We presume these are Maurer’s clefts FIKK kinases as most of the hyperphosphorylated proteins are MC residents. However, without directly testing for this using conditional KO parasite lines, we cannot exclude that host kinases are also playing a role.
(6) Could the additional assembly of PSAC at the iRBC membrane be important for survival at 39 {degree sign}C?
We have tested to see if nutrient uptake helps parasite survival during heat stress in the presence of furosemide and lower nutrient concentrations, but did not see a difference in growth following heat stress compared to control temperature conditions.
New Results:
We have added a new supplementary figure (Supplementary Figure 4) detailing experiments testing parasite growth under altered nutrient availability using two approaches (sub-lethal furosemide concentrations or reduced-nutrient RPMI) and with or without a 40°C heat stress applied between 16-24 hpi.
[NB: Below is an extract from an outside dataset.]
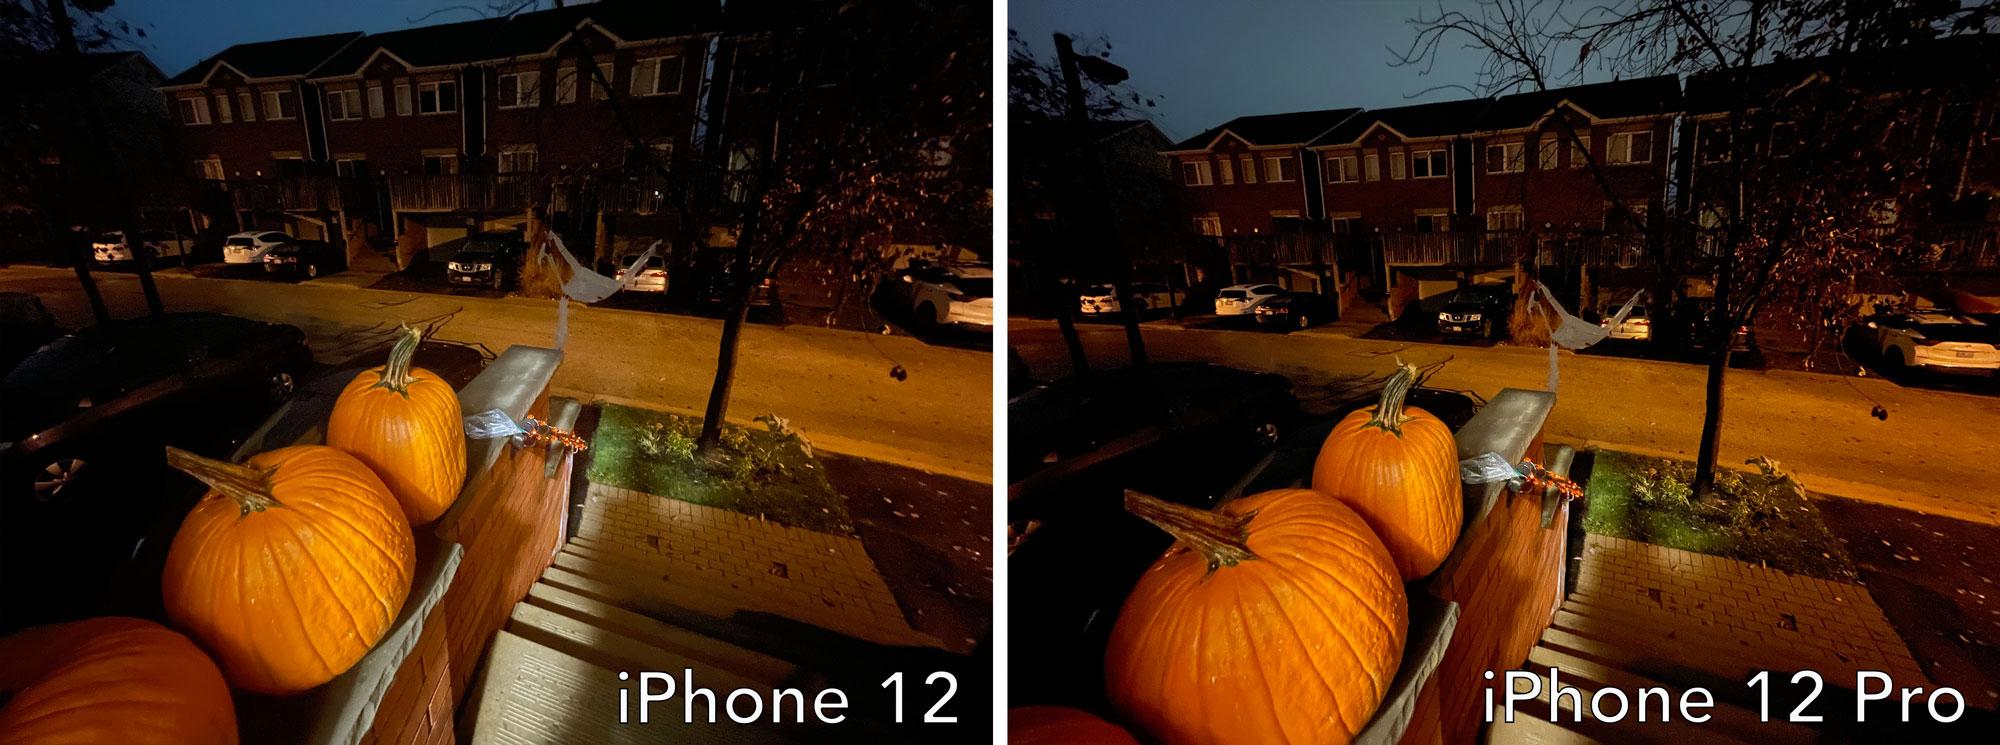 iPhone 12 ultra-wide vs iPhone 12 Pro ultra-wide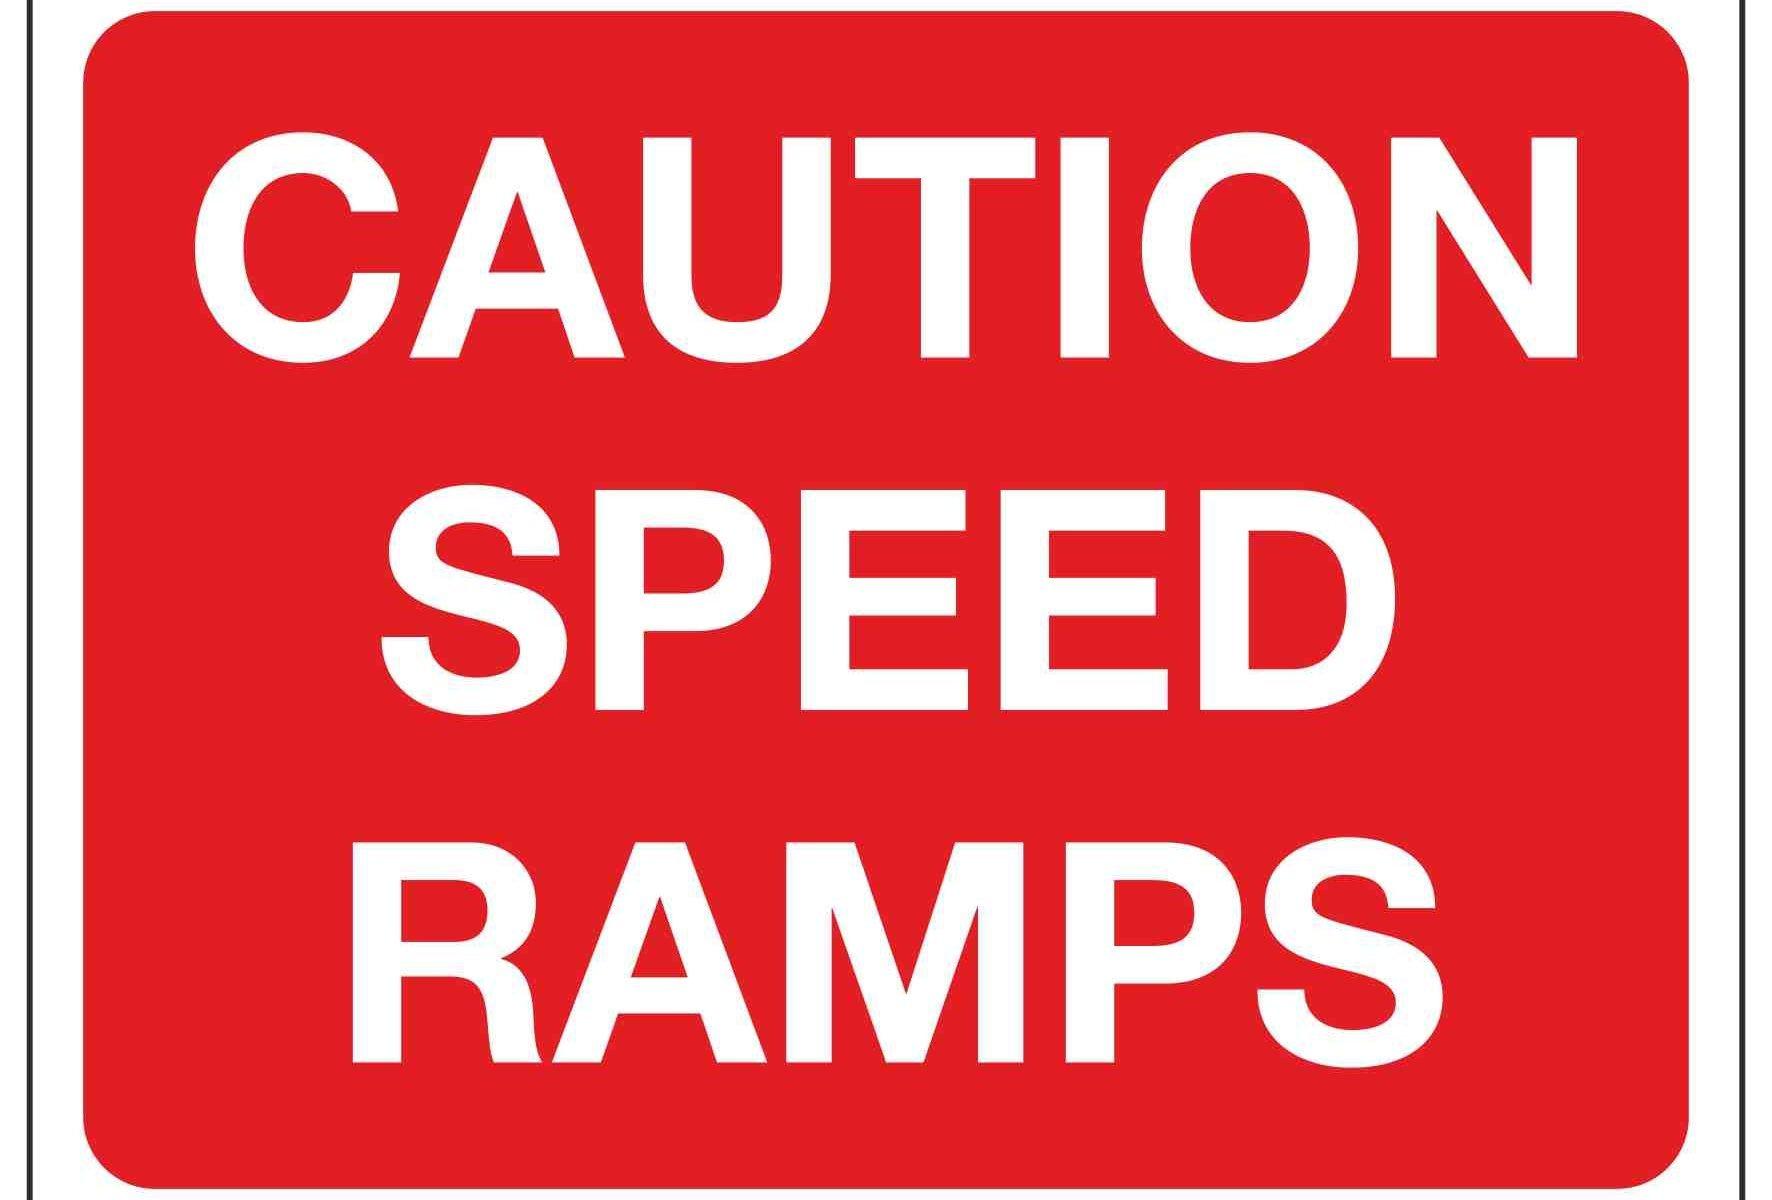 CAUTION SPEED RAMPS

The main text now references this data: “Culturing parasites in sub-lethal furosemide concentrations or in reduced nutrient media lead to reduced parasitaemia (Supplementary Figure 4). However, the parasitaemia is not further reduced following heat stress. This shows that increased PSAC levels/activity do not enhance parasite survival under conditions of limited nutrient availability either from furosemide-induced nutrient deprivation or a reduced nutrient media composition.”
These experiments show that nutrient uptake does not improve parasite survival during heat stress compared to control temperature conditions.
(7) Would the authors like to speculate on how higher temperatures increase the transport of exported proteins with TMDs?
There are many possible explanations, one of which is that unfolding of the hydrophobic TMD domains is favoured at elevated temperatures. However, we have no data to support this hypothesis and therefore refrained from particularly stating this possibility.